Fortemente influenciado pelas duas grandes Declarações Iluministas, o documento das Nações Unidades declara que todos os seres humanos são dotados de razão e consciência, que nascem livre e iguais em dignidade e direitos, e devem agir em relação aos outros com espírito de fraternidade.
A mesma Declaração afirma que ninguém será preso arbitrariamente, e que todos e todas têm pleno direito ao tratamento digno pelos tribunais, que não terão seus direitos violados, e serão presumidamente inocentes até que se prove o contrário.
A Declaração também reconhece o direito à vida, à infância, a um padrão de vida que garanta condições para receber educação, saúde, habitação, proteção contra a velhice, limitação das horas de trabalhos e férias remuneradas e periódicas, além da justa e satisfatória remuneração. Também é garantido o pleno direito à participação das decisões políticas, numa consagração da participação social como direito fundamental.
Como observamos, diariamente todos estes direitos estão sendo ameaçados. Começa quando o próprio órgão responsável pela conservação destes direitos, o Poder Judiciário, reiteradamente ofende as bases estruturantes da Declaração. A orgia de prisões cautelares, a inversão do ônus da prova no processo penal, com a utilização equivocada da “teoria do domínio do fato” como mecanismo para a presunção da culpa, ou, ainda, o descumprimento do básico devido processo legal, conduzem as garantias da Carta das Nações Unidas à condição de letra morta.

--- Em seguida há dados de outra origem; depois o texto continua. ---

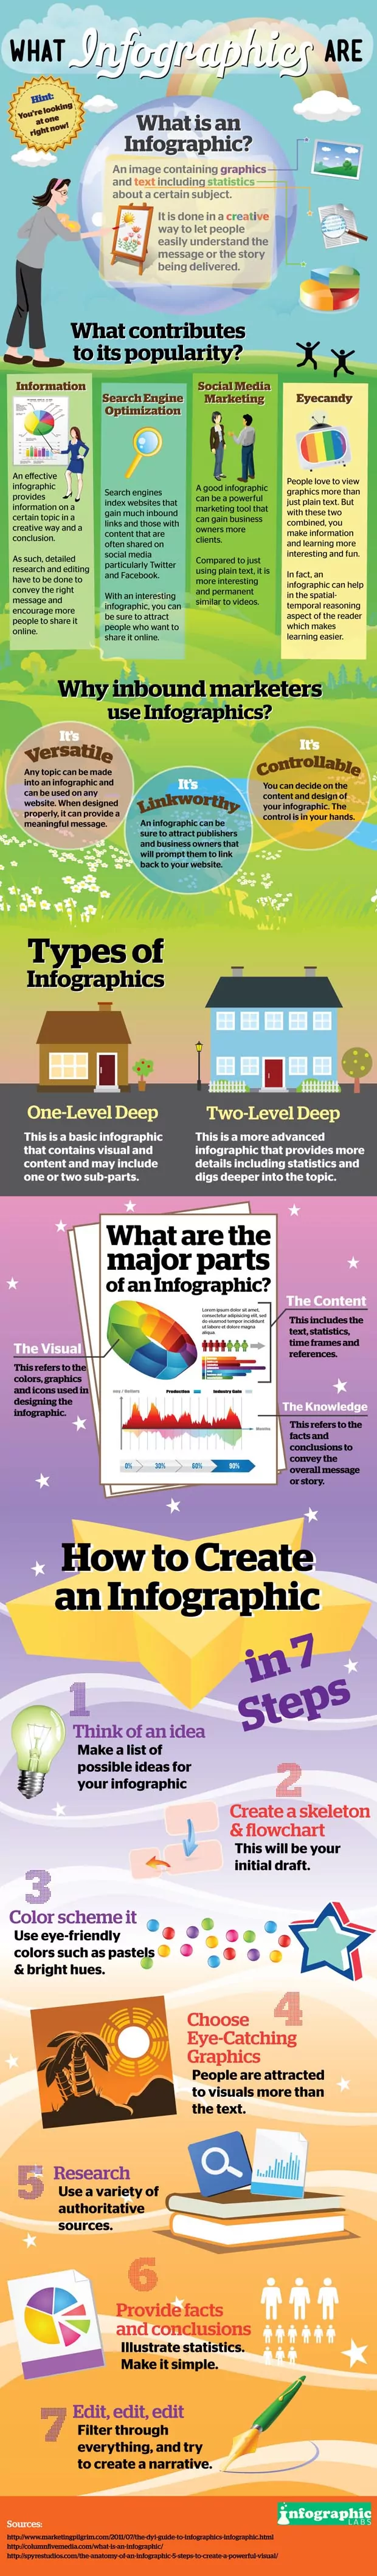 Tips tp create an engaging infographic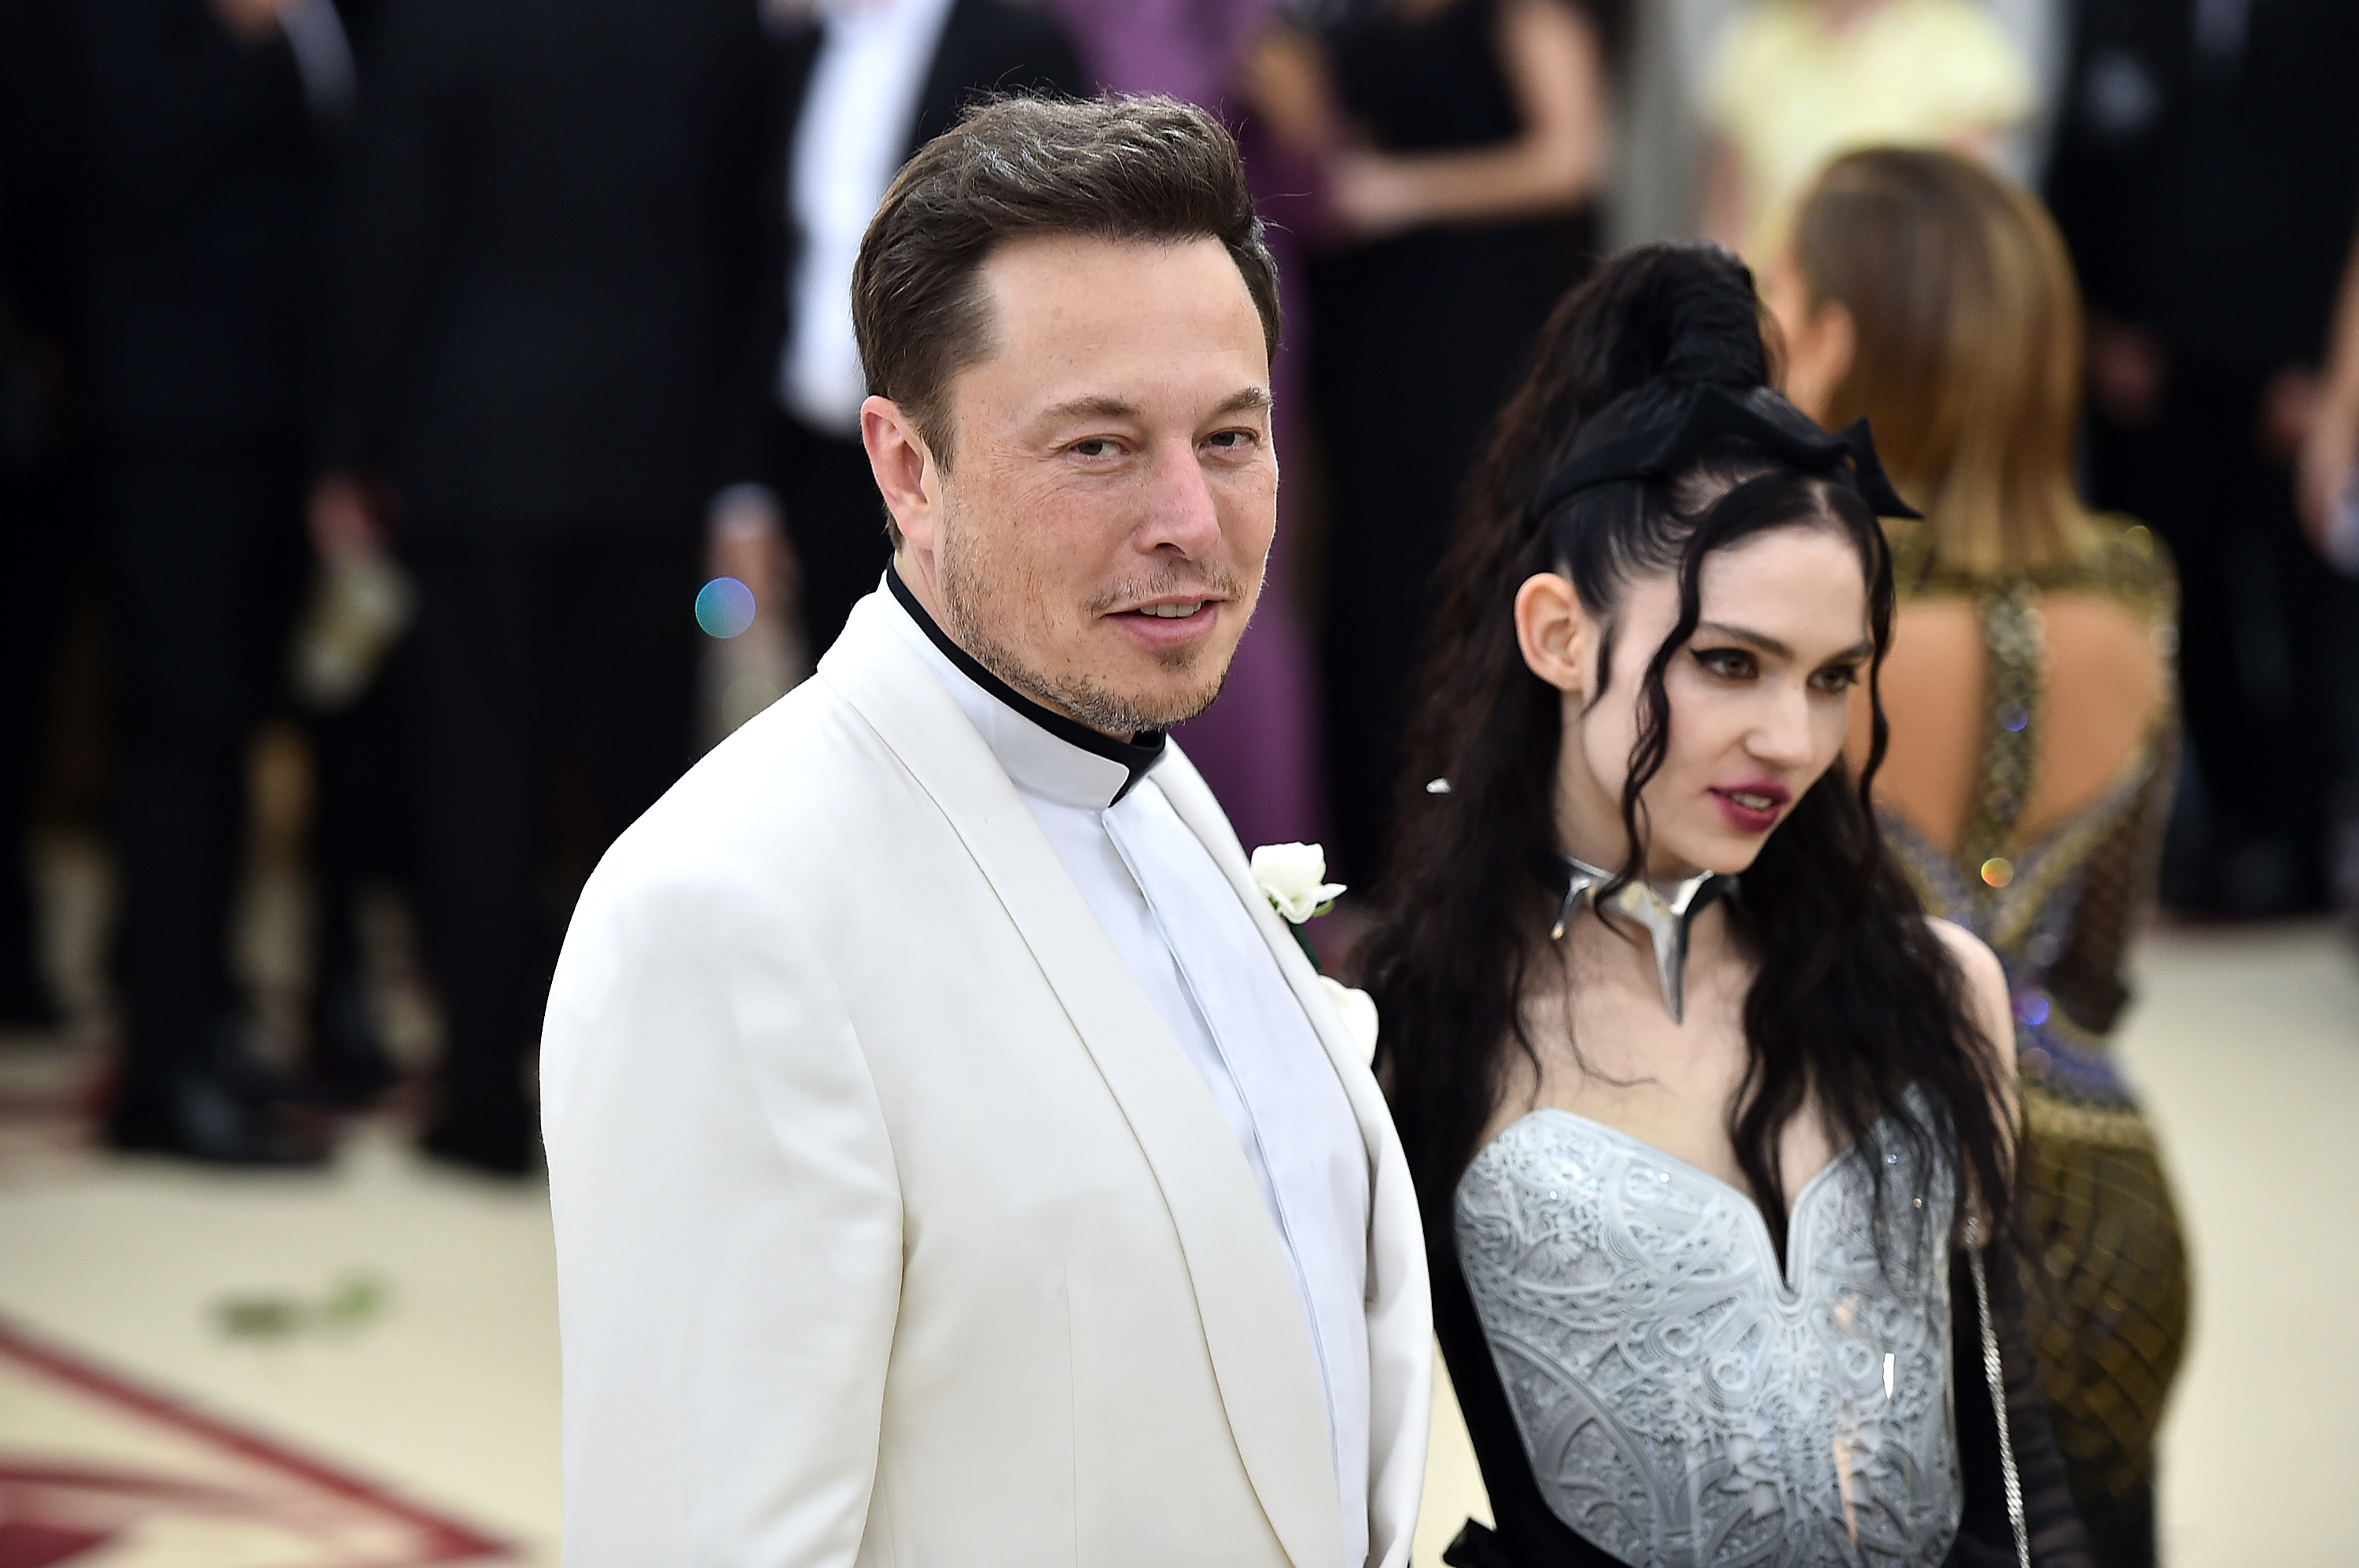 Elon Musk in a tuxedo and a Grimes in a silver outfit with structured shoulders and a choker at an event

Outro agente responsável pela tutela dos direitos fundamentais, o Estado, dominado pelo pensamento neoliberal e pela cultura do ajuste fiscal, coloca em cheque a garantia do cumprimento de deveres que são seus, como a proteção à velhice, à infância, à vida, ao trabalho digno, à participação social, à habitação, dentre outros.
As políticas impostas pelos conservadores para o exclusivo controle da despesa pública jogam milhões de pessoas na miséria sem nenhum tipo de proteção. A o espírito de seguridade e de bem-estar social que conduziu a Declaração em 1948 foi massacrado pelas hostes neoliberais, e hoje vários países sofrem com a imposição de uma agenda voltada ao corte de garantias sociais, ampliação da idade mínima para aposentadoria, corte de investimentos em saúde e educação, dentre outros. A ideologia de restrição à atuação do estado na execução de políticas públicas tem sido responsável pela universalização da pobreza e da exclusão social, inclusive em países que haviam superado este problema, como a Itália do pós-guerras. Hoje, liberdade real, apenas é reconhecida ao capital financeiro.
No Brasil, depois do golpe de estado parlamentar executado em 2016, o governo golpista tenta impor com a sua máquina conservadora a criação de uma regra constitucional que fixa limites às despesas públicas nas políticas sociais, inclusive com o congelamento orçamentário por 20 anos, o que ofende claramente princípios fundantes da Constituição Federal, como a dignidade da pessoa humana e o combate à pobreza e à discriminação social. Para tanto, contam com a omissão expressa de setores do Poder Judiciário e do Ministério Público.
Com relação aos direitos à vida e à equidade, temos a preservação da cultura do estupro contra mulheres e crianças, cultura esta que é protegida pelo silêncio do ambiente doméstico. Ao contrário do arquétipo midiático, os principais responsáveis por este tipo de violência não são os psicopatas literários, mas pais, tios, irmãos, avós, que passariam perfeitamente por cidadãos de bem diante da esfera pública.
Outra forma de violência, que atinge diretamente às mulheres, e a criminalização do aborto, que condena milhões de mulheres à morte, mutilações ou a lesões incuráveis dentro de clínicas clandestinas sem a mínima assepsia, inclusive algumas vítimas de estupro doméstico. Trata-se de uma violência dupla, pois além do peso psicológico, do abandono, sem o devido acompanhamento, temos a violência física exercida sobre o corpo por profissionais, muitas vezes, sem a menor formação.
No campo do trabalho, estamos retornando a discursos e práticas dignas do período pré-fordista, com vários governos defendendo o desmantelamento dos direitos dos trabalhadores, inclusive o fim do controle da jornada, de férias, proteção contra o desemprego e outras garantias. Uma espécie de novo feudalismo com a criação de centros de poder paraestatais dentre de empresas.
Todavia, apesar deste pequeno relatório trágico, e mesmo com todos estes ataques à Declaração Universal dos Direitos Humanos, mais do que nunca esta demonstra o seu valor. A defesa de uma sociedade democrática passa, imperativamente, ao reconhecimento dos valores inscritos neste documento. O seu fim enquanto base de princípios, pode, também, ser o fim da civilização.